To prevent companies from abusing treaties like NAFTA, Faux evidently wants our trading partners to agree to abide by roughly the same social, labor, environmental and other regulatory constraints that we have here in America. In other words, he would like to deprive U.S. companies of any incentive to move away, and he presumably wants countries like Mexico - whose chief comparative advantage is precisely their more congenial regulatory regimes and a lower cost of doing business - to accede to this gambit. Fat chance, Jeff.

Faux similarly urges that entities like NAFTA and the WTO be governed by a democratic rule-making process and a transparent system for adjudicating disputes, both answerable to "the people." While there is fairly widespread support for just that prescription, a reader of Faux's essay might justifiably ask whether Faux and his progressive colleagues would really be satisfied if "the people" were to support something other than those environmental, worker rights and animal protection measures progressives prefer.

What Faux's crowd really seems to demand of these proposed transnational democratic institutions they profess to desire are not outcomes arrived at democratically but outcomes that merely affirm their own policy ideals.

Notwithstanding a rhetorical head-fake or two in favor of democratic processes, Faux must certainly appreciate that, in a truly democratic international rule-making body, America is a relatively small constituency, and there are few guarantees that the more populous poorer countries might not opt to overlook a host of environmental and social policy safeguards for the sake of more rapid economic growth.
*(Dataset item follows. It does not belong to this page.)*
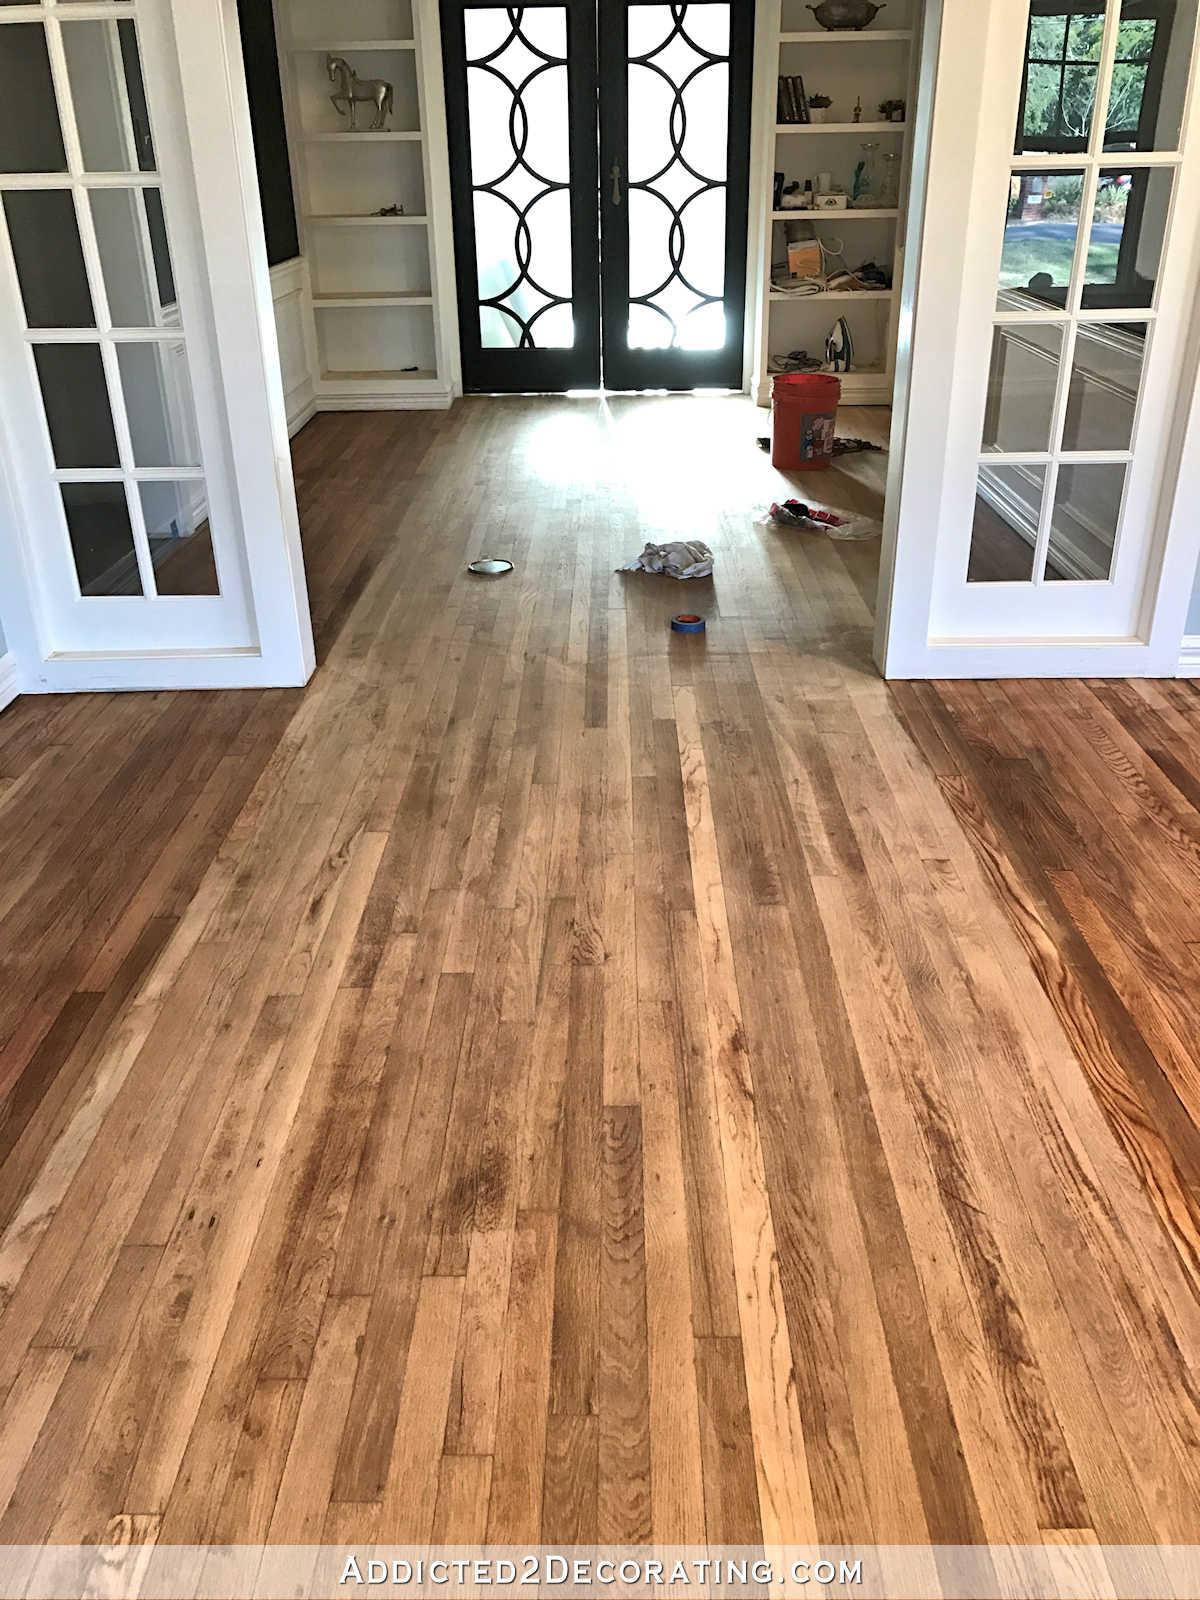 hardwood flooring reno depot of adventures in staining my red oak hardwood floors products process throughout staining red oak hardwood floors 5 music room wood conditioner

Most remarkably, Faux tacitly ignores how poorly his goals have been served of late by the democratic process here in the U.S. For while many of Faux's progressives feigned to see no difference between Democratic and Republican presidential candidates (and instead mostly cast their ballots for an eccentric narcissist named Ralph Nader), the bad guys stole home!

As a consequence, Faux and his allies will have a difficult time persuading other nations to strengthen their environmental protection laws or more vigorously enforce worker safety rules when our own government is now fast and furiously moving in the opposite direction.